What needs to be done: Within the data that follows, set down exactly the lines from the one containing "Red propuesta Niveles" through the one containing "Shadowverse がついにリアルカードゲームになって登場 Shadowverse", both ends included.

Record extracts:
+ + + +

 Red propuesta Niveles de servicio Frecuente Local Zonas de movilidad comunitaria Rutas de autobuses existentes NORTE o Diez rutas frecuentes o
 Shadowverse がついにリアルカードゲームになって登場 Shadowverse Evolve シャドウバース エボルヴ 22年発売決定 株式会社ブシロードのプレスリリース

+ + + +

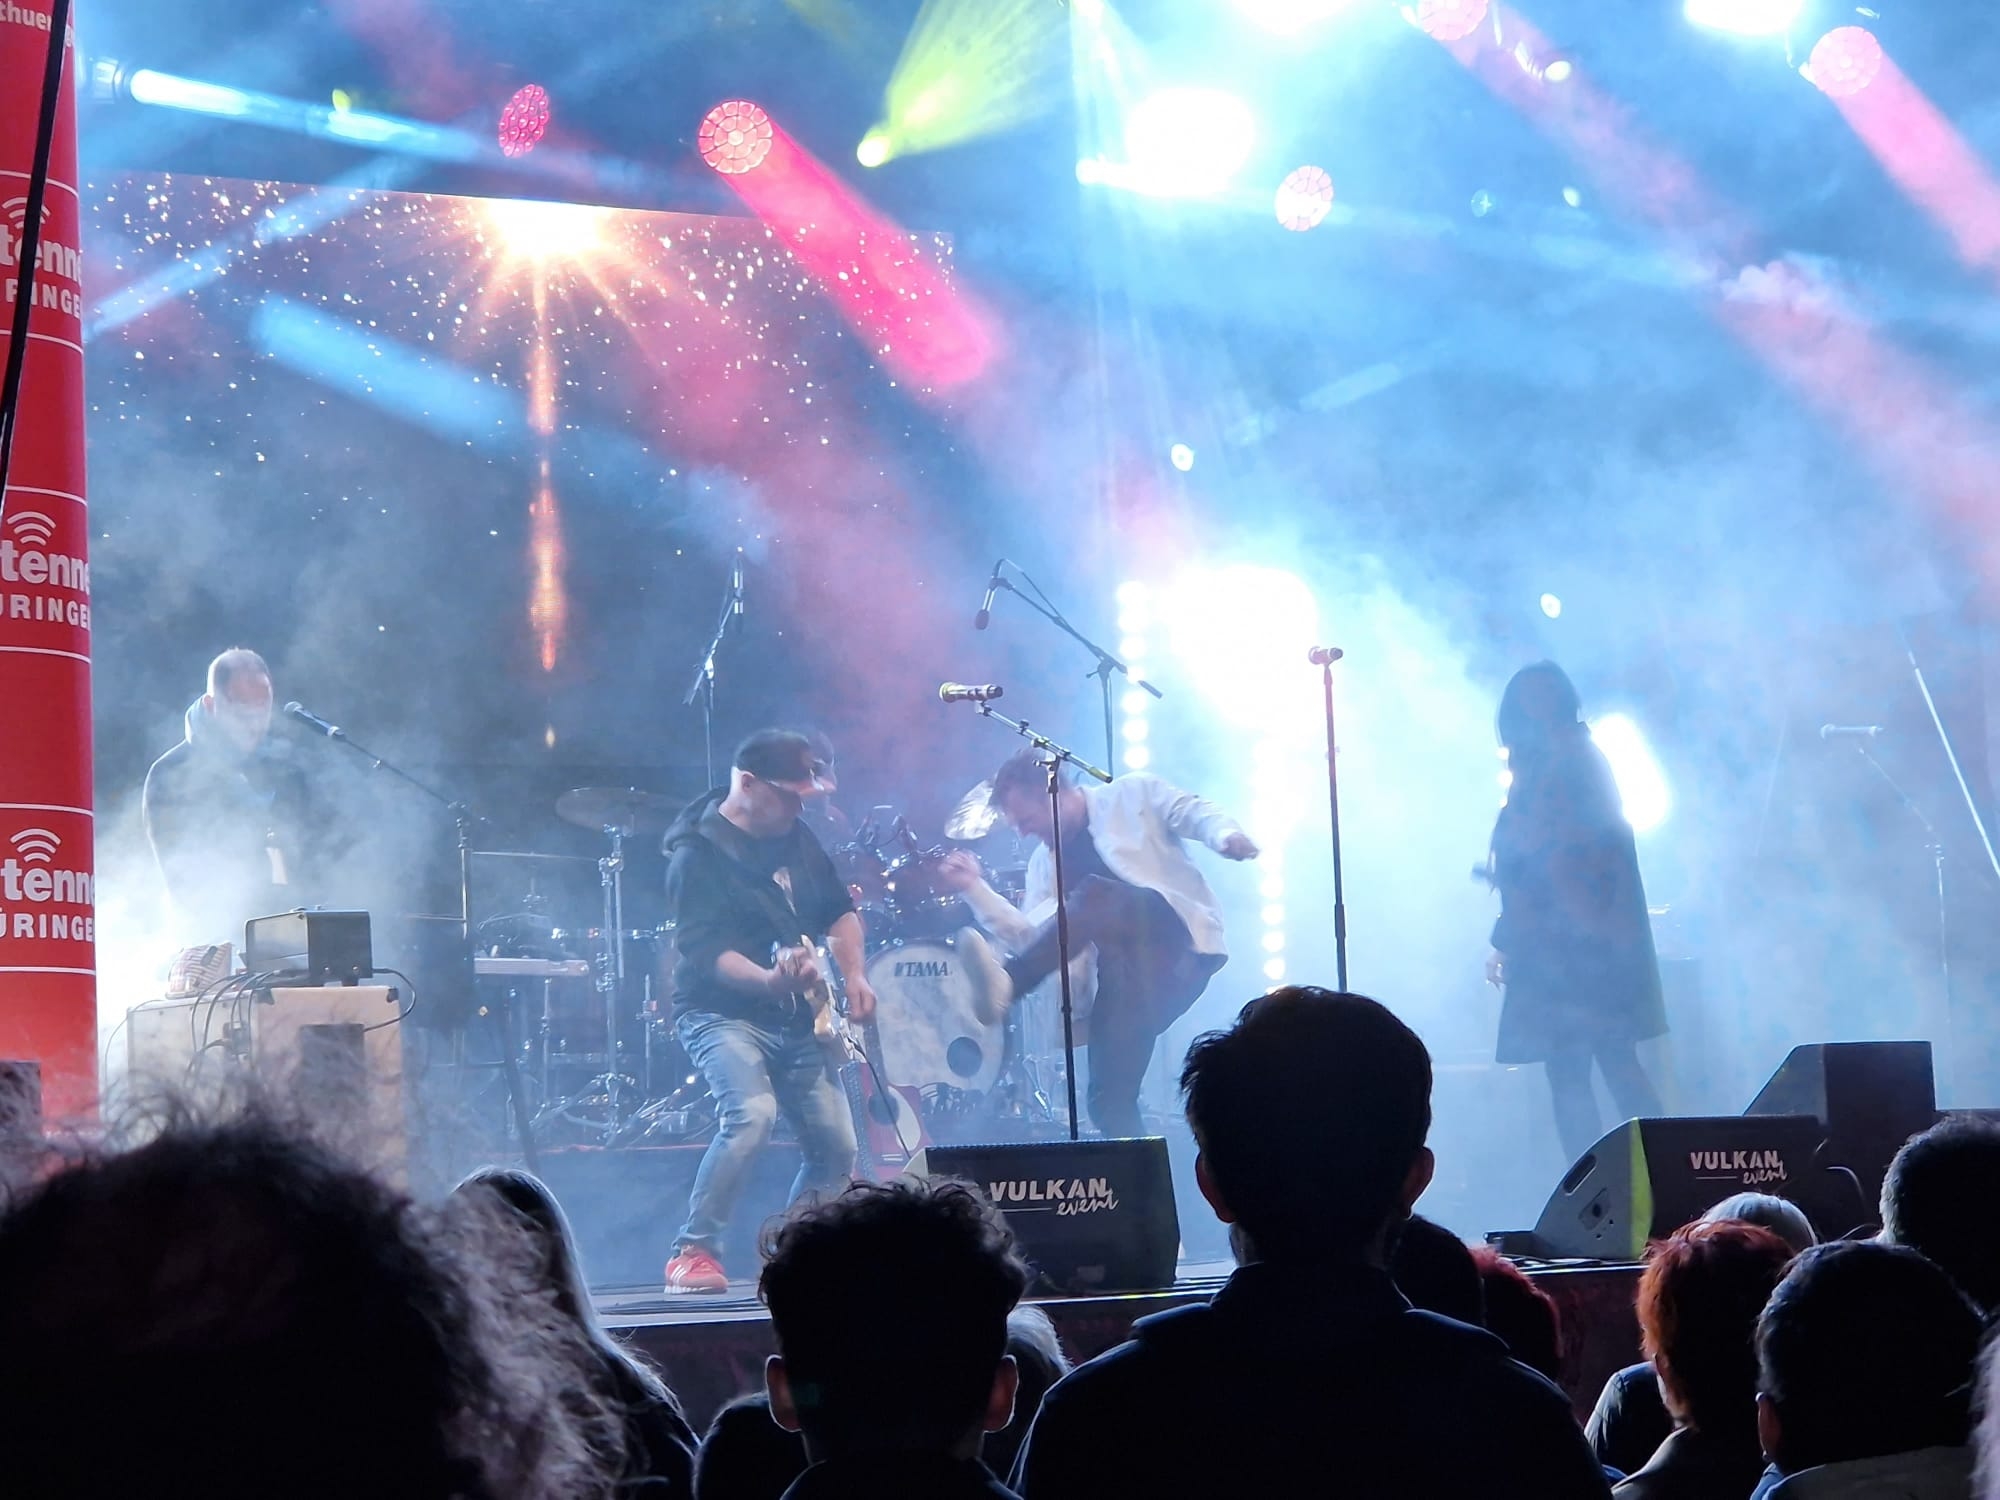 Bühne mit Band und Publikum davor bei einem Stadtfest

+ + + +

Response to the exercise:
 Red propuesta Niveles de servicio Frecuente Local Zonas de movilidad comunitaria Rutas de autobuses existentes NORTE o Diez rutas frecuentes o
 Shadowverse がついにリアルカードゲームになって登場 Shadowverse Evolve シャドウバース エボルヴ 22年発売決定 株式会社ブシロードのプレスリリース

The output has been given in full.